● DATASET EXTRACT:
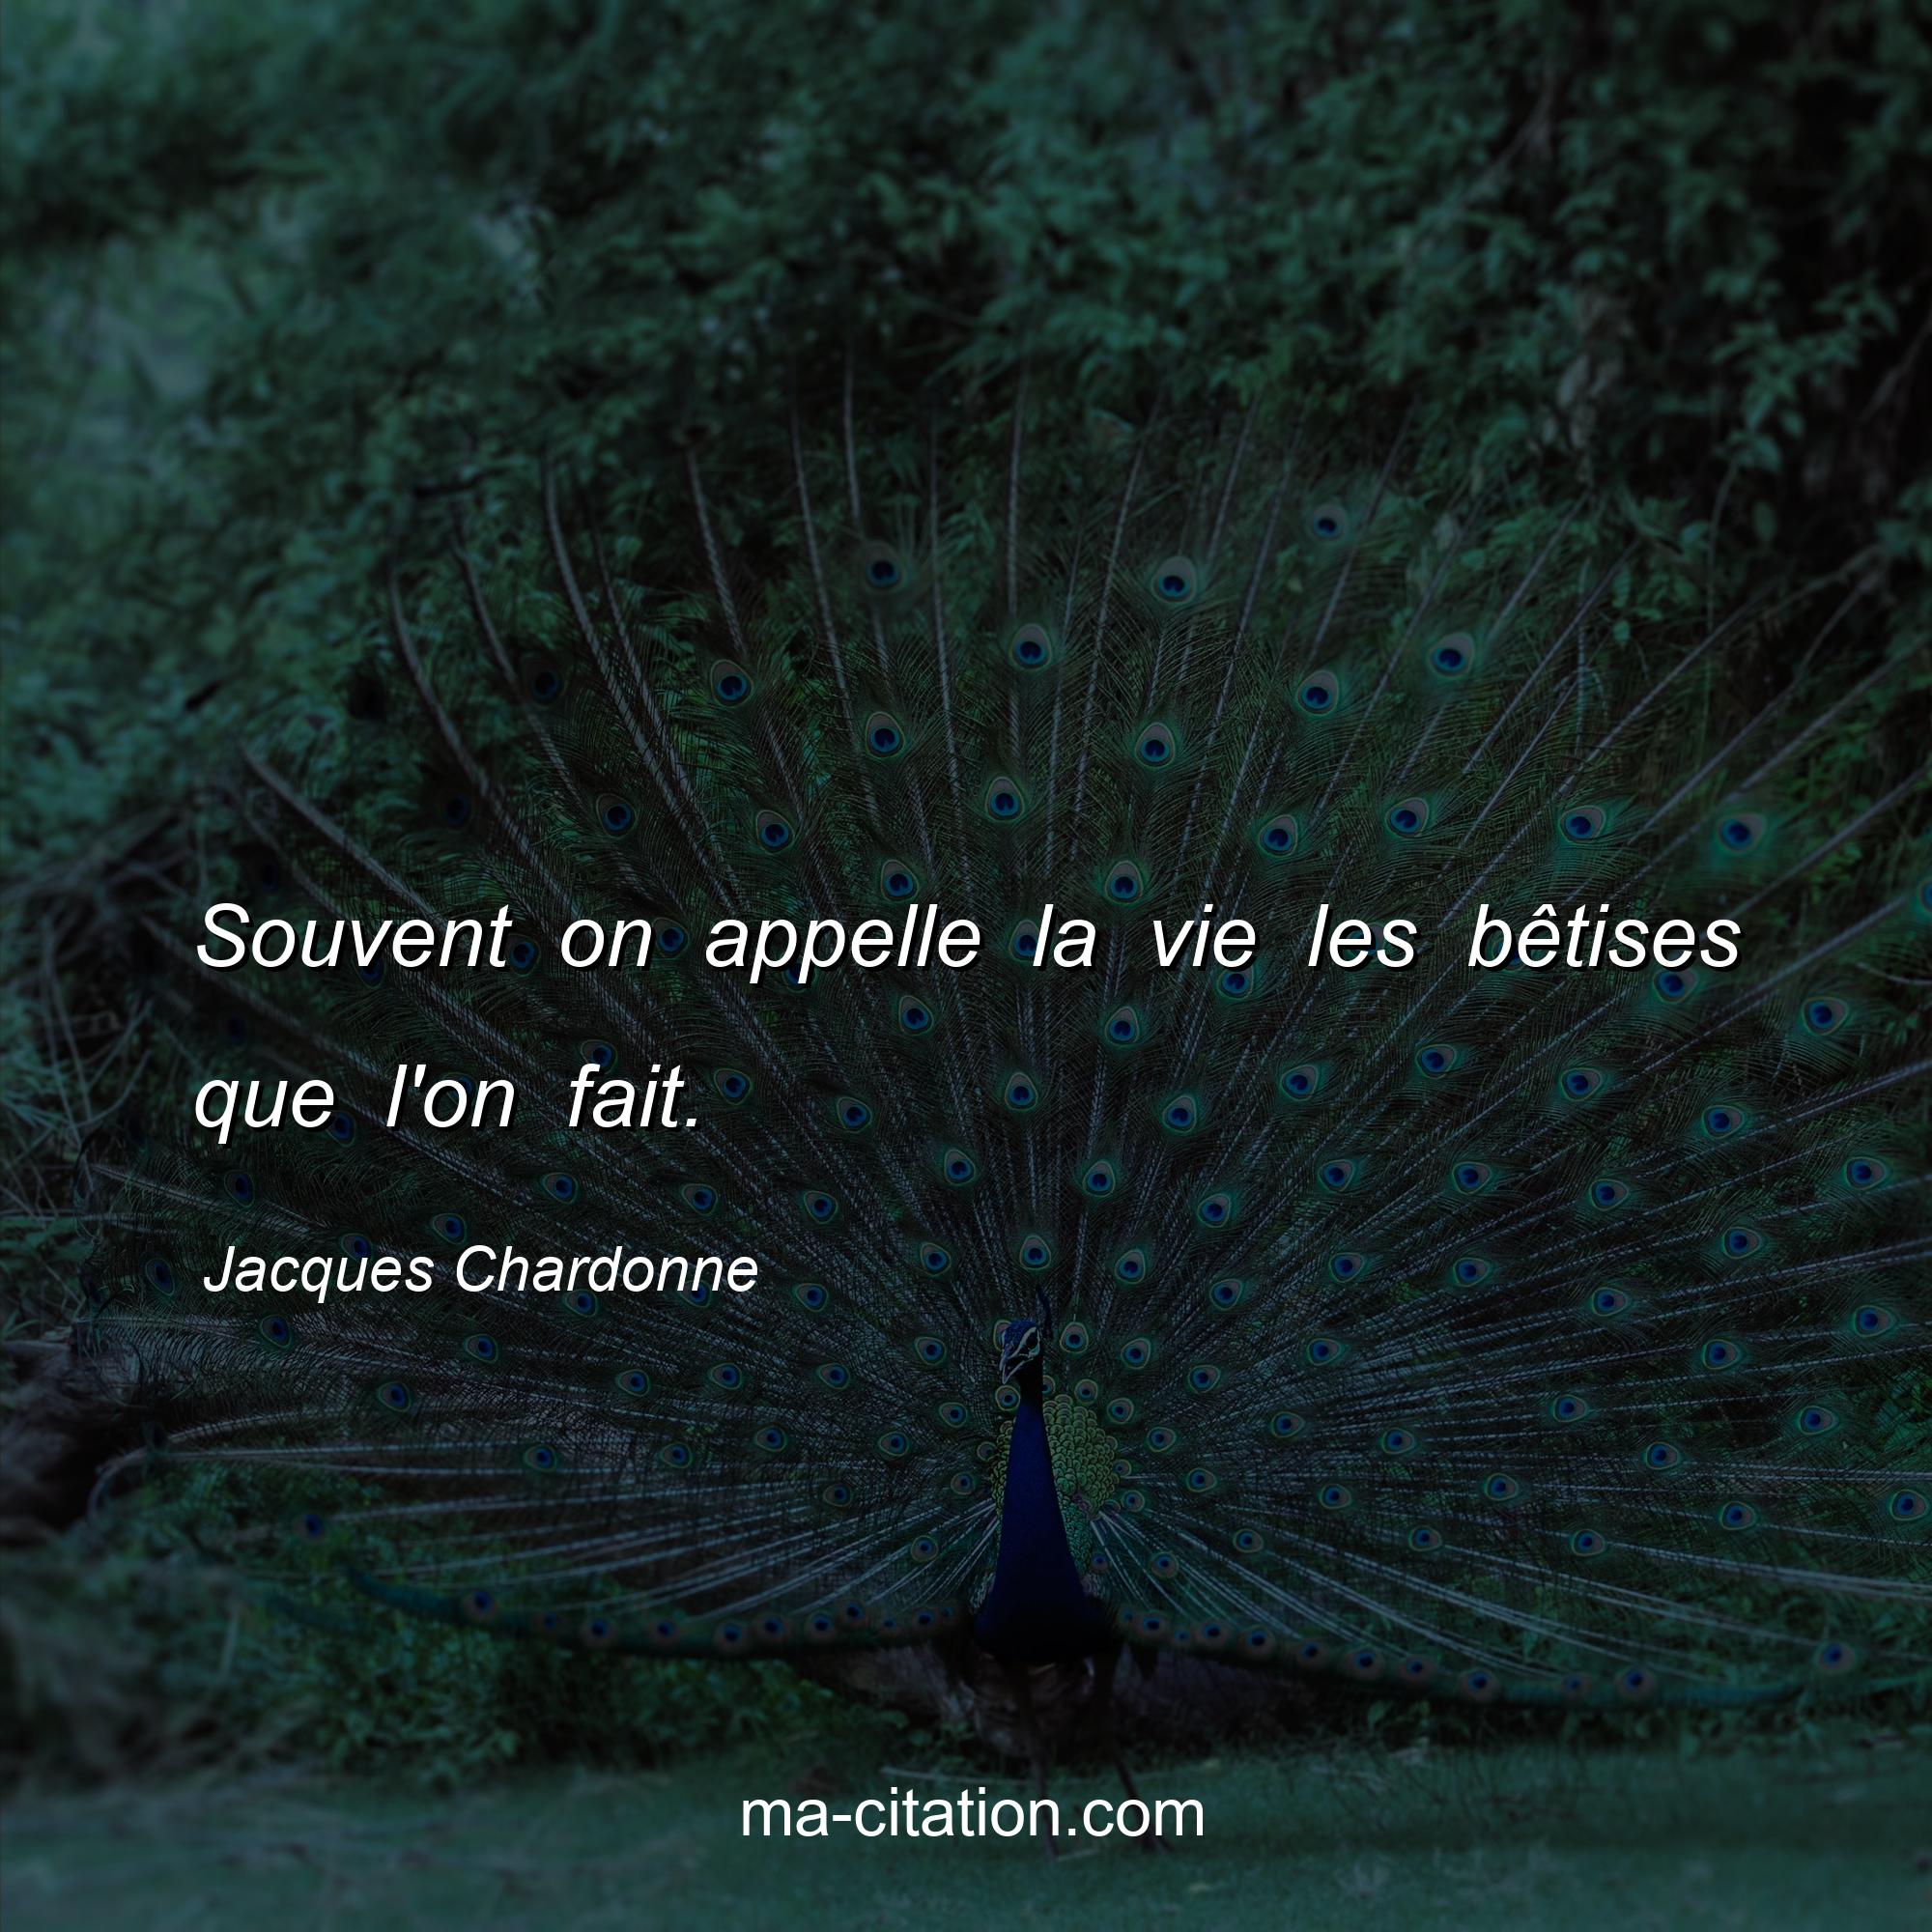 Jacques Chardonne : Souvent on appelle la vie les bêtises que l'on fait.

--

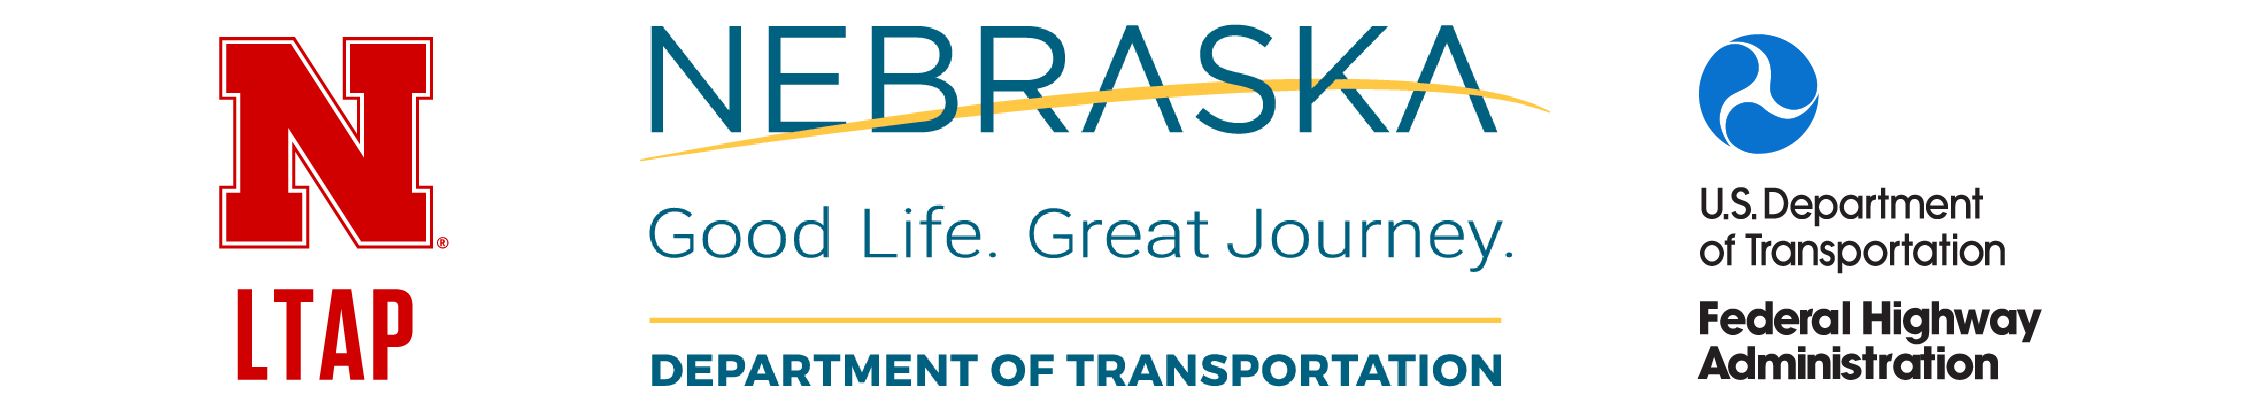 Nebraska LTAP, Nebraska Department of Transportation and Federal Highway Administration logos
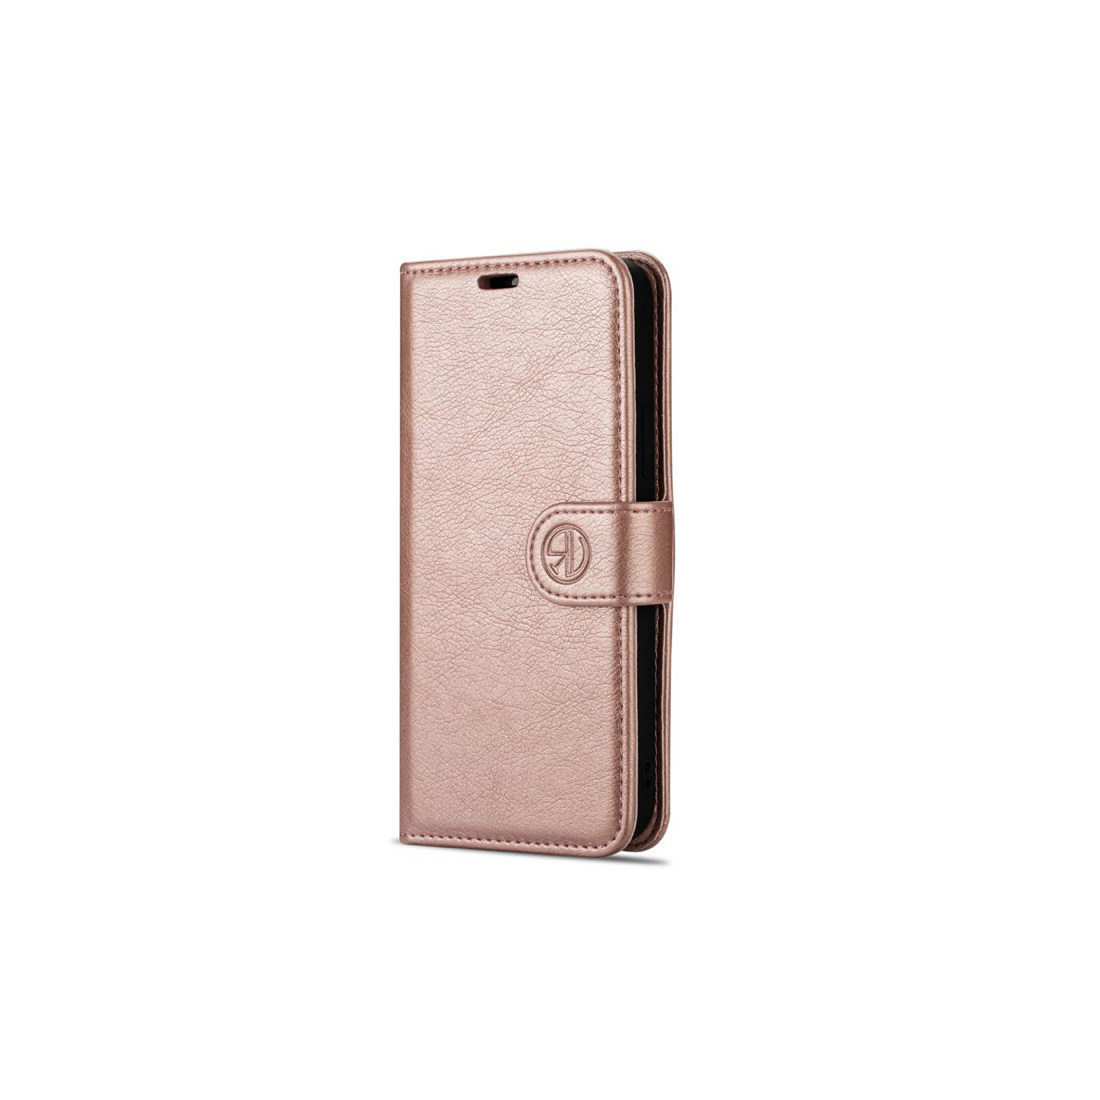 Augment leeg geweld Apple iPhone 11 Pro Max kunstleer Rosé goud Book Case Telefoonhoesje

* * *

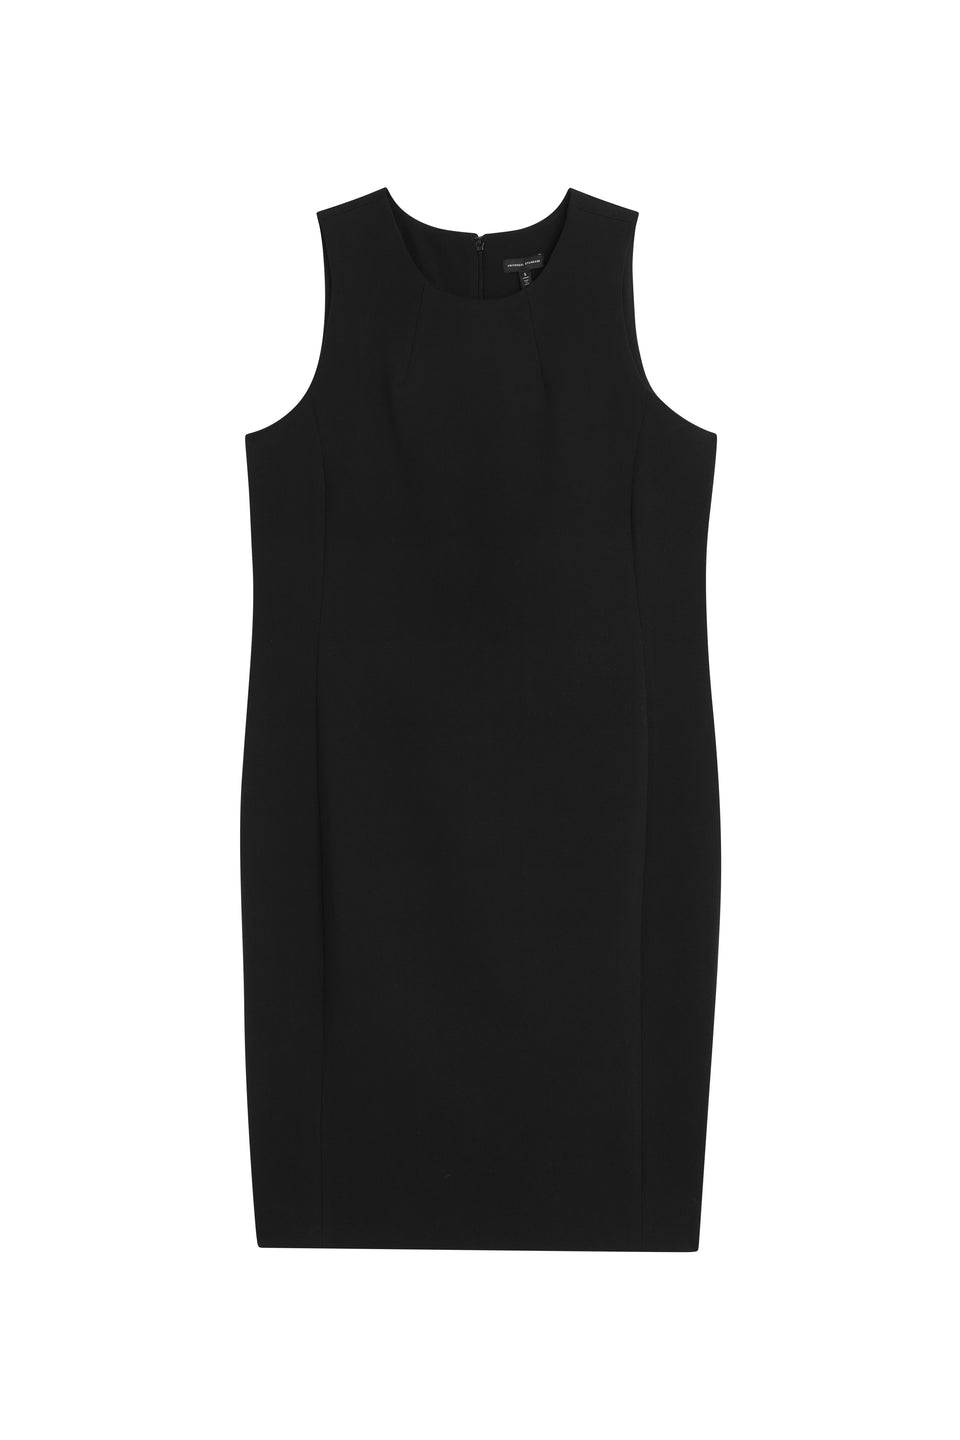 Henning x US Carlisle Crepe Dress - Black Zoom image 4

● WHAT THIS TASK INVOLVES:
Leave the pictures out. Output, exactly, the lines of the material above starting at the line containing "Nebraska LTAP, Nebraska" and ending at the line containing "Augment leeg geweld".

● YOUR RESPONSE:
 Nebraska LTAP, Nebraska Department of Transportation and Federal Highway Administration logos
 Augment leeg geweld Apple iPhone 11 Pro Max kunstleer Rosé goud Book Case Telefoonhoesje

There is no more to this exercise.